Доехали с Витовтом до Трок, где болезнь сразу значительно усилилась. Князя отнесли на кровать, он уже не встал с неё.
Ягайлло не отходил от больного ни днём, ни ночью. Тем временем Свидригайлло, наверное, уже рассчитывая на наследство, бегал по крепостям и домам, по своим старым друзьям и помощникам, подготовливая их к захвату княжества силой, хоть бы наперекор воли Ягайллы.
Болезнь Витовта затянулась. Ни для кого уже не было тайной, какие у Свидригайллы намерения. Самого больного известила об этом жена, которая боялась за своё будущее.
Поэтому дали знать Ягайлле, но тут открылась вся его слабость к брату, таинственное желание вознаградить его за обиды, может, боязнь его вспыльчивого характера. Король колебался выступить против этого своеволия. Княгиня Юлианна уговорила его, и он в конце концов послал за ним. Вызванный два раза князь в итоге был вынужден появиться. Вместо того чтобы противостоять ему и пригрозить, Ягайлло, увидев насупленного и разгневанного брата, смягчал и сердечно и нежно его приветствовал.
– Что ты там творишь? – спросил он. – Тут на тебя все смотрят. Обвиняют тебя, что ты устраиваешь заговор, что людей себе собираешь, как будто уже видишь Витовта на смертном одре.
Князь презрительно пожал плечами.
– Что ты думаешь? – ответил он. – Что я буду дожидаться твоей милости? Пока ты соизволишь отпустить мне то, что мне справедливо и давно принадлежит? Брат держал наше наследство, подаренное тобой, достаточно долго, и ты не имел права им распоряжаться. Беру то, что моё, и спрашивать разрешения ни у тебя, ни у поляков не буду.

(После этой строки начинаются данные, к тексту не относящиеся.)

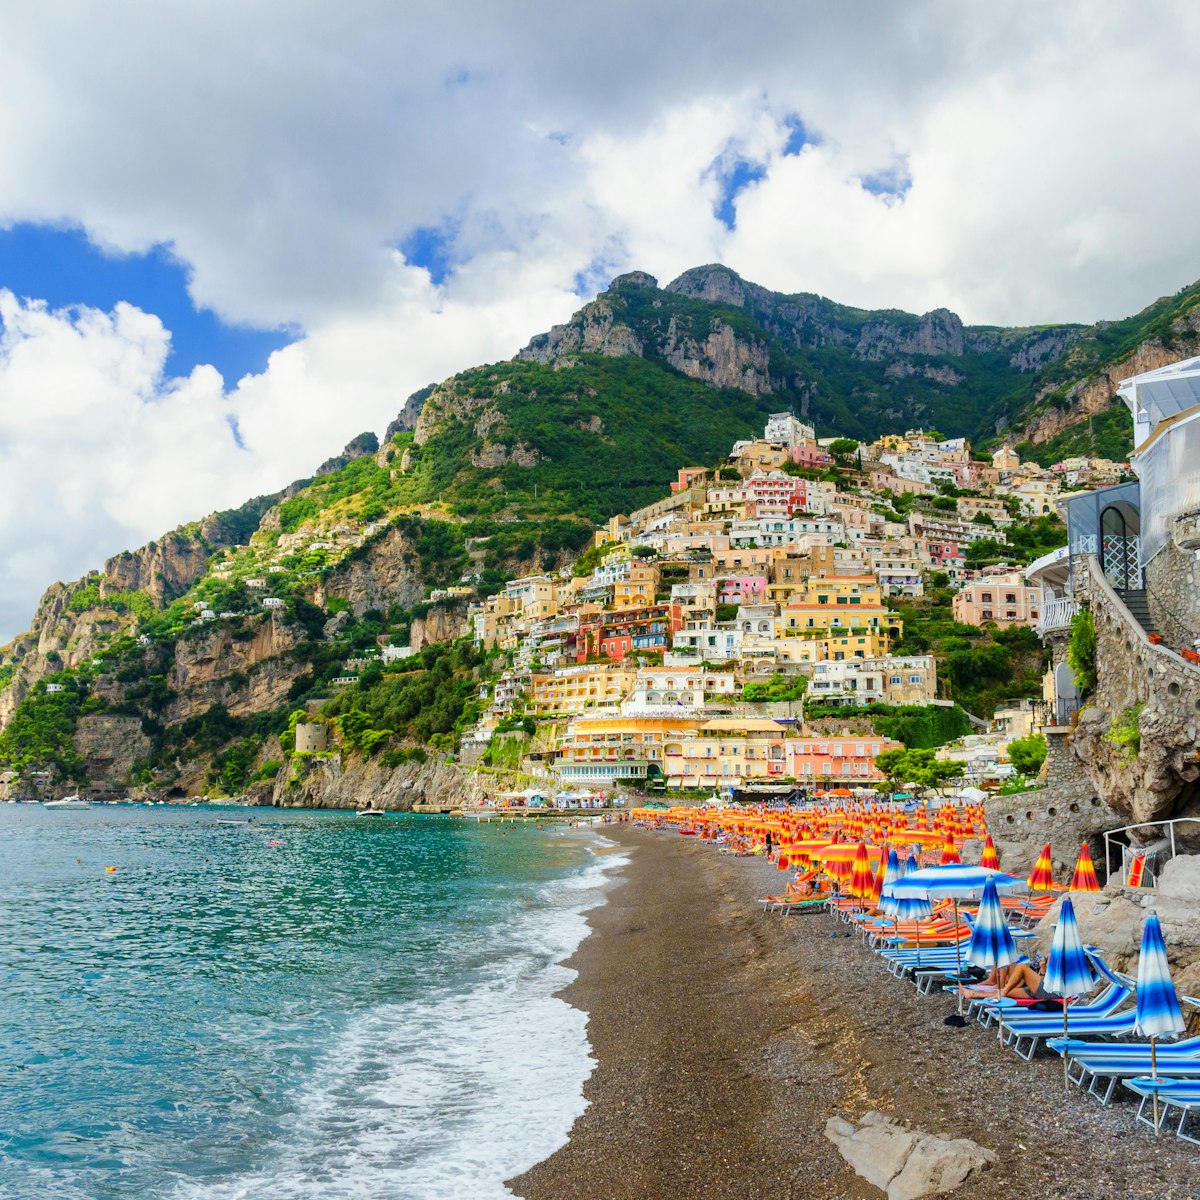 amazing beach in Positano on Amalfi coast
1092754244

Этим он закрыл рот ошарашенному королю. Он не отрицал, не прекословил ему, добавил только:
– Смотри-ка, не попадись ещё в руки Витовта. Он больной лежит, но от этого ещё более сильный, чем мы.
Свидригайлло сплюнул.
– Ничего из него не будет, – крикнул он. – Этот нарыв его задушит, его съест желчь, которая ему корона после себя оставила.
Он дико рассмеялся.
– Я не боюсь его. Пришла моя пора, я вам покажу что могу!
Ягайлло хотел его обуздать, но тот говорить ему не дал. Сел на скамью напротив него, вызывающе глядя ему в глаза. – Ты и он, – воскликнул он, – оба уже дряхлые старцы, ни к чему. Пришла очередь к Свидригайлле, который тут польским панкам и папским епископам не даст хозяйничать.
Король сидел совершенно подавленный.
– Подожди-ка, – простонал он, – пока наступит твой черёд, и не лови рыбу перед неводом. Ты не знаешь той силы, которой пренебрегаешь.
– Знаю! Знаю вас всех и свою силу, – прервал Свидригайлло. – Ты меня разуму учить не будешь.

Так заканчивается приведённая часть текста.